При этом слове ванакты стали переглядываться – о Вилюсе здесь мечтали давно. И не зря! Город, конечно, не сравним с Баб-Или, но богат – золота там побольше, чем во всей Ахияве. Огромная ярмарка, дорога на восток, наконец, проливы, ведущие в Море Мрака. Взяв Вилюсу и соседние города, Троасу и Пергам, мы вцепимся в живую плоть Хаттусили.
А за первым шагом последует второй.
У присутствующих вновь заблестели глаза. Спорить не приходилось – в таким походе я и сам был готов участвовать даже простым наемником. Кодр, не выдержав, вскочил и с гневом стал припоминать какие-то давние обиды. Кажется, сын вилюсского царька украл чью-то жену или не выплатил штраф в Дельфы. Во всяком случае, поводы для войны имеются, и гнев Дия вкупе с Землевержецем Поседайоном, без сомнения, готов обрушиться на нечестивцев.
Теперь уже все шумели, и все чаще взгляды обращались на меня. Я вновь ощутил себя самозванцем.
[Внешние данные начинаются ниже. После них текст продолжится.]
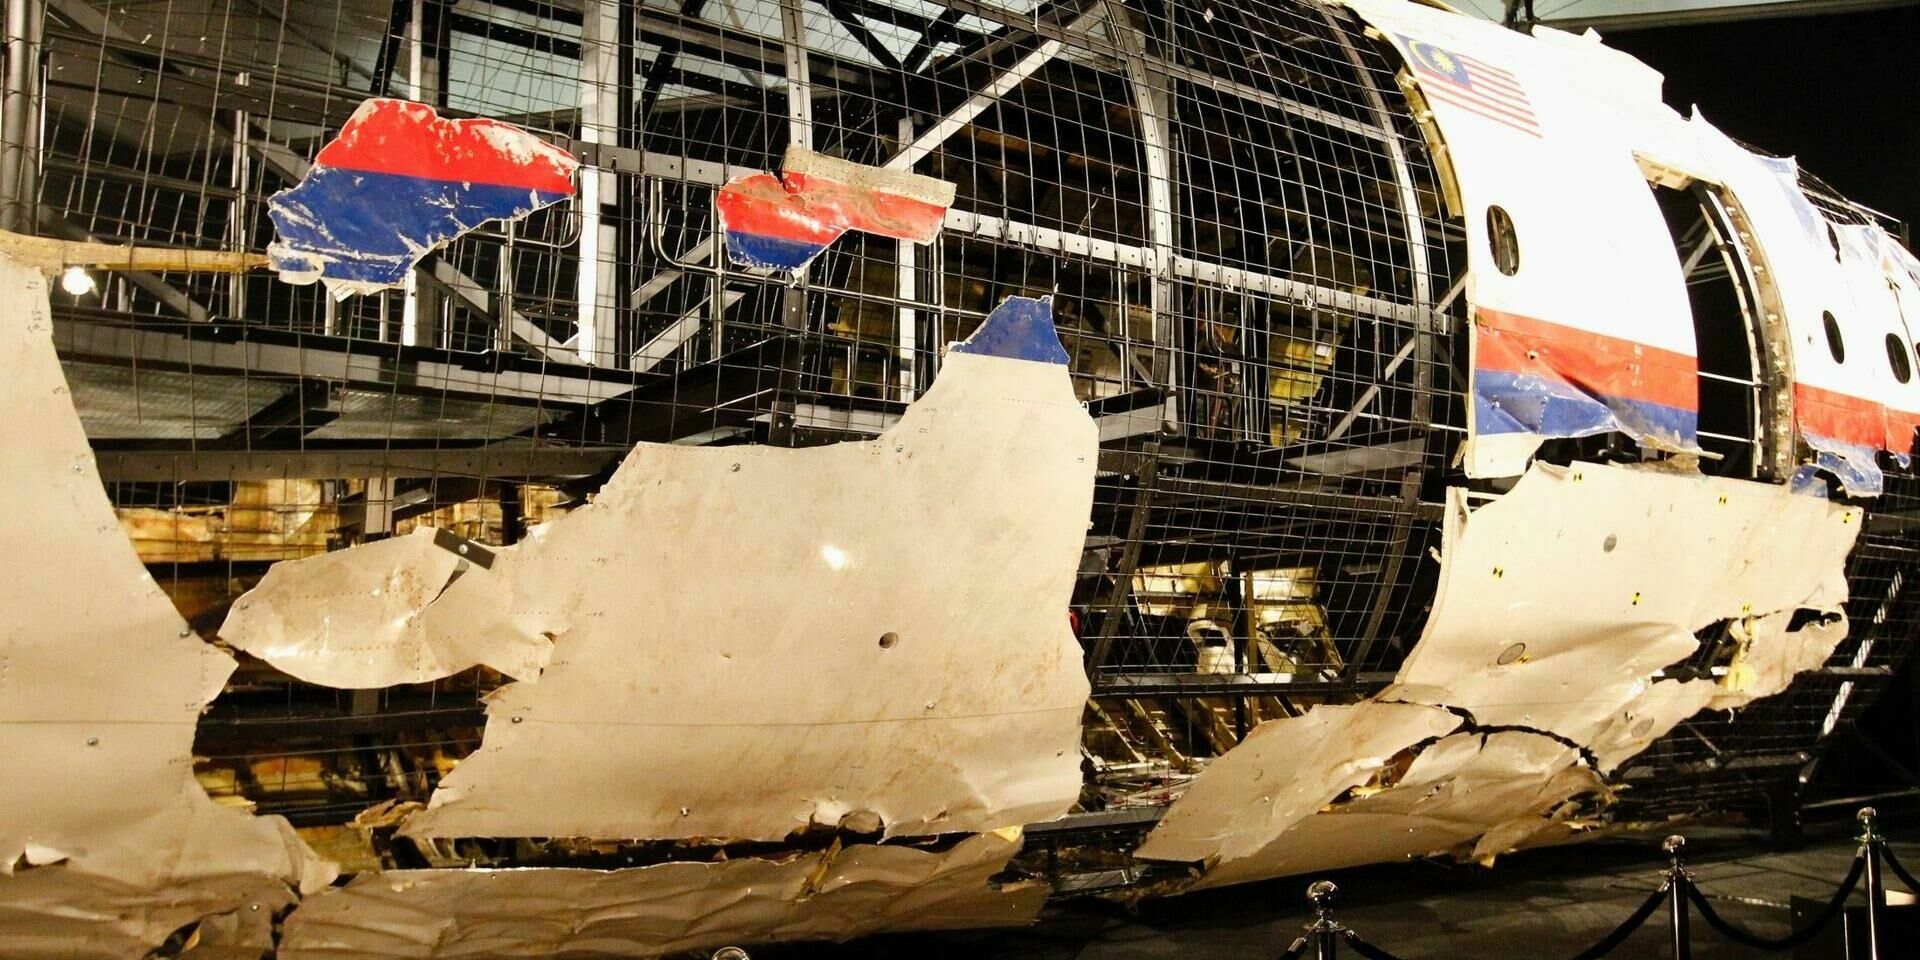 Прокуратура Нидерландов приступила к оглашению обвинения по делу о MH17

От микенского правителя ждут решения, которое я принять не могу...
...Но и отказаться невозможно. Для всех я – не старшой полутысячи разведчиков, а богоравный ванакт. Моими устами говорит Ахиява.
И тут я вспомнил – шардана! В моем поясе тоже спрятана кость, способная побить все прочие. Тысячи усачей на сотнях кораблей – и об этом знаю один я...
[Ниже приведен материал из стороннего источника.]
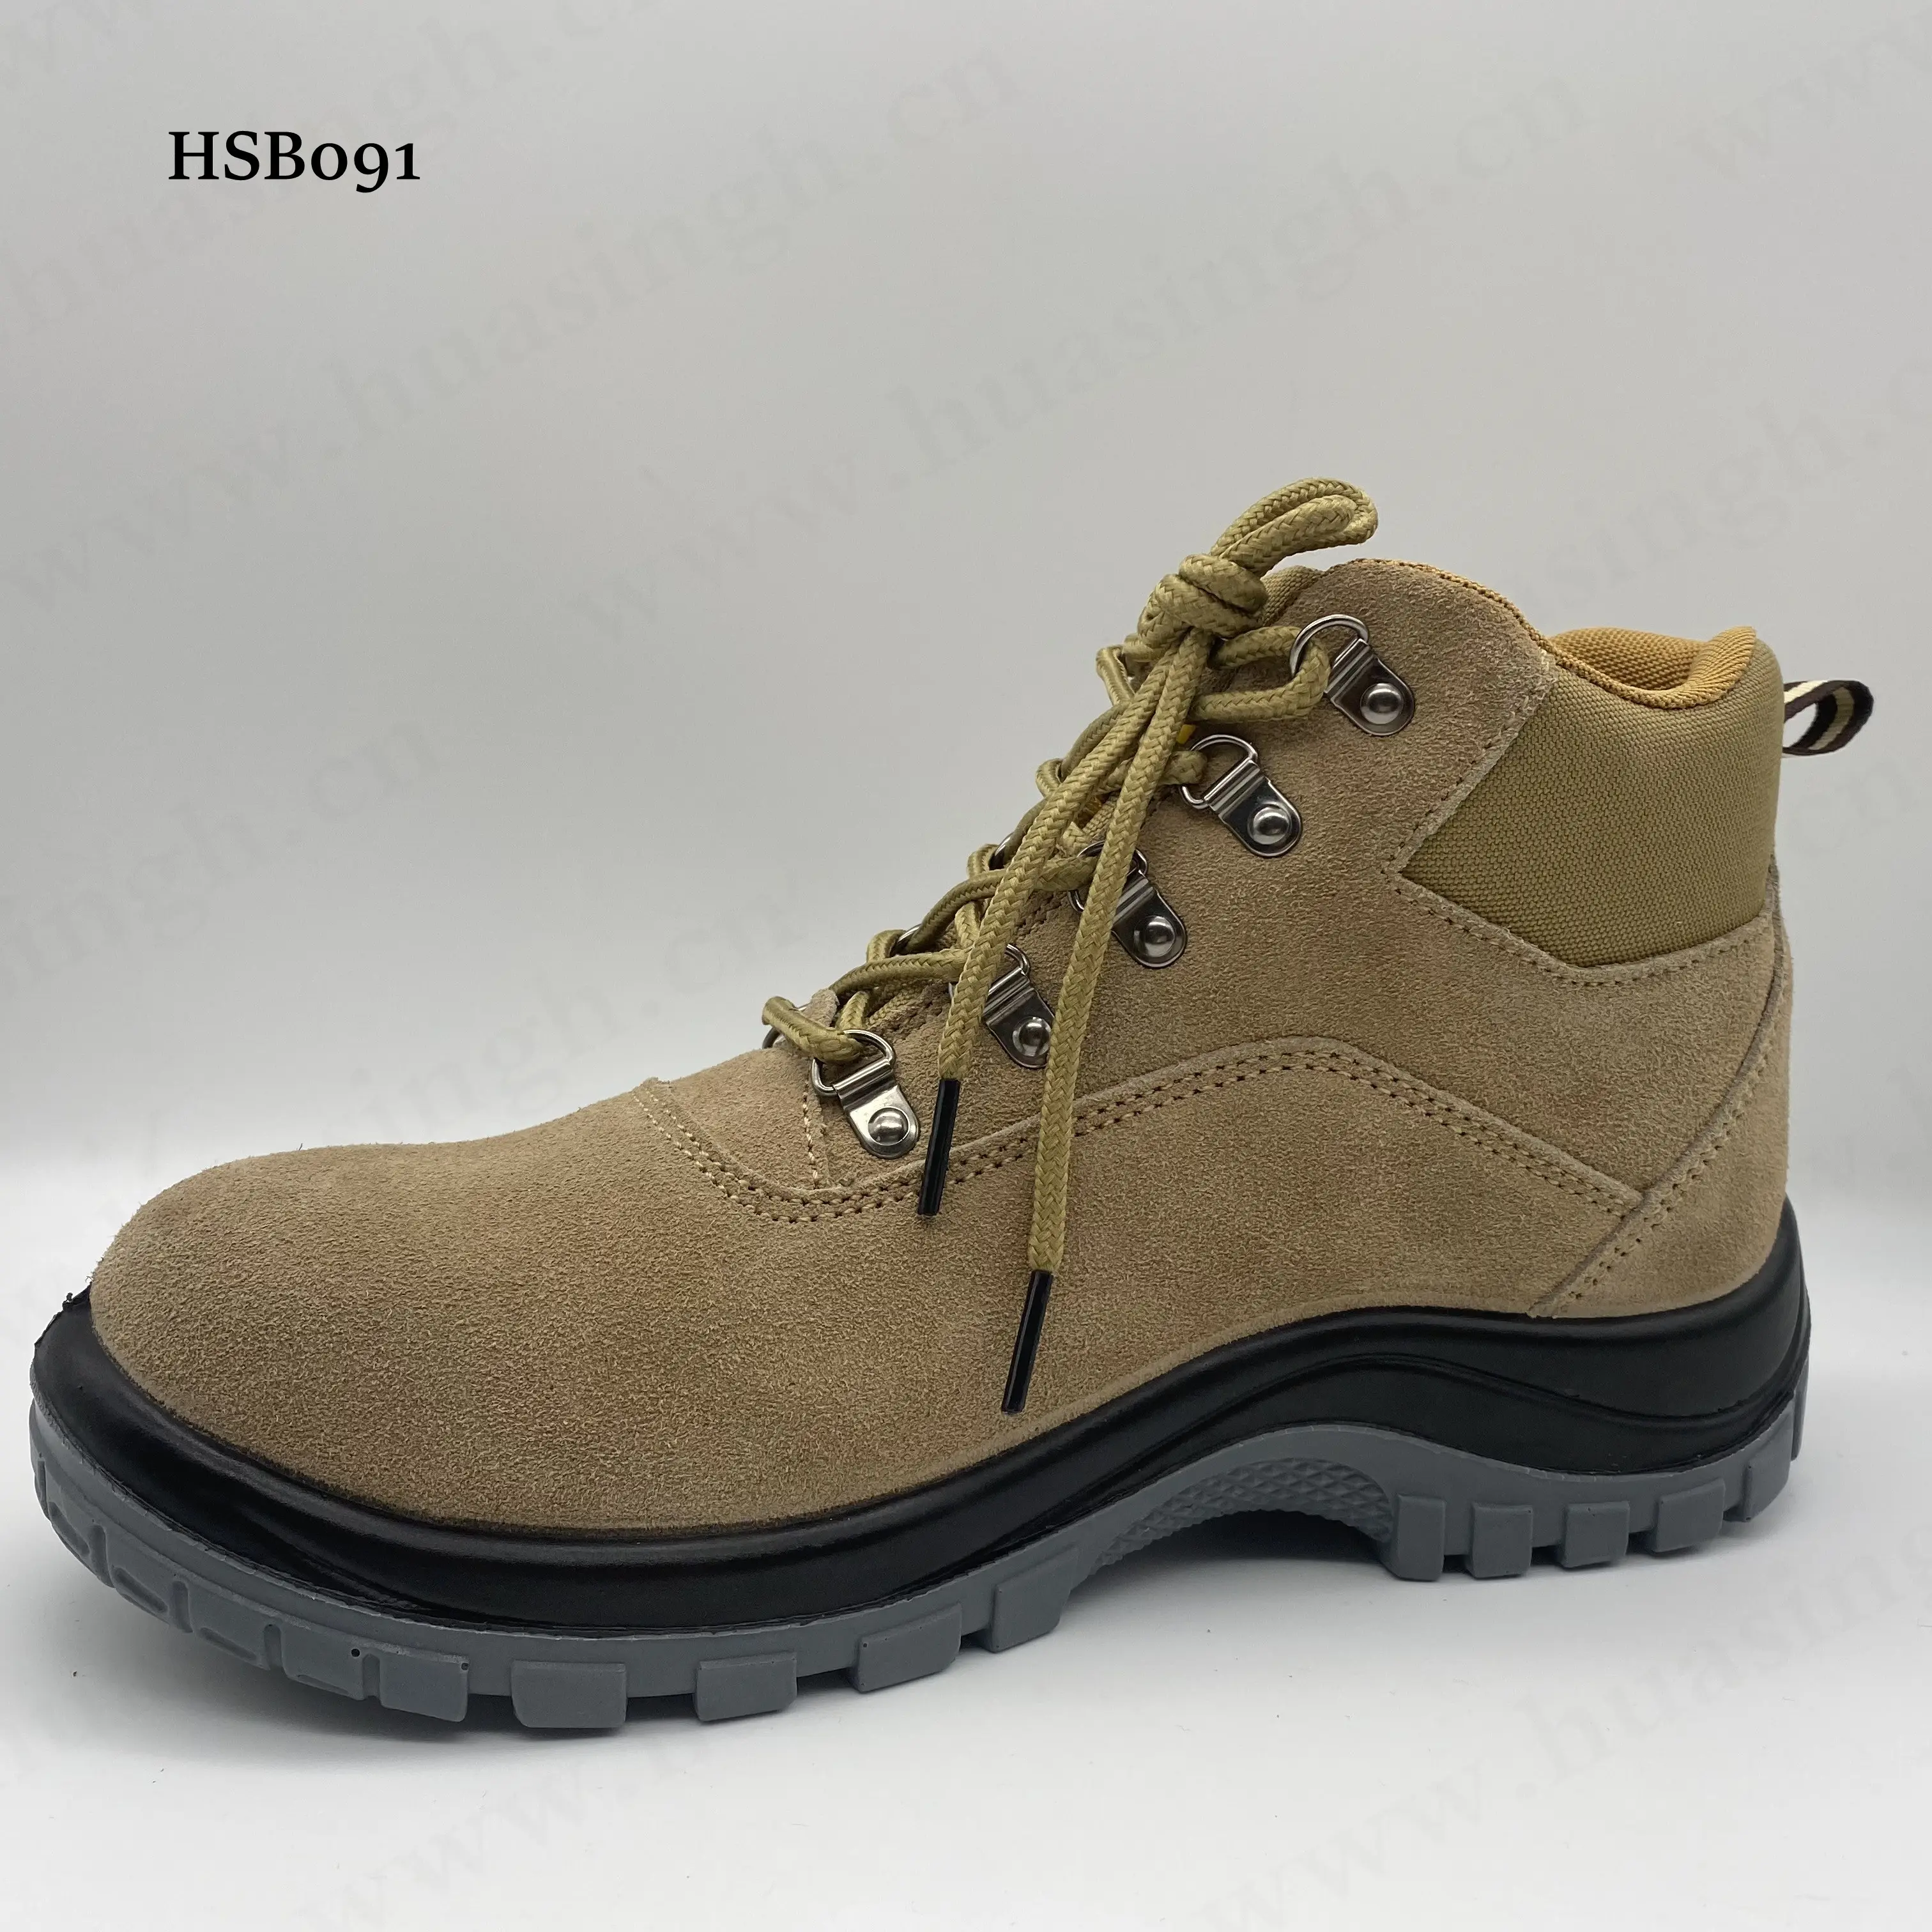 Lxg sapatos masculinos para construção, sapatos de segurança pu/pu com inserção no dedo do pé médio, à prova de ácido, hsb091

Я не говорил, а спрашивал. Войска, корабли – сколько? Серебро – откуда? Союзники – наши и Вилюсы? И главное – тыл. Что будет в Ахияве, когда мы уйдем на восток? Гарнизоны против лешаков? Гарнизоны охраняющие побережье? Резервы?
Мне отвечали вразнобой, затем голоса стихли. Ванакты и базилеи вновь переглядывались, но уже куда менее уверенно. Наконец, Итарай развел руками, признав, что никто из них не вел большую войну. Ахиява вообще давно не воевала, если не считать стычек из-за угнанных коров. Но ванакт микенский – опытный воин...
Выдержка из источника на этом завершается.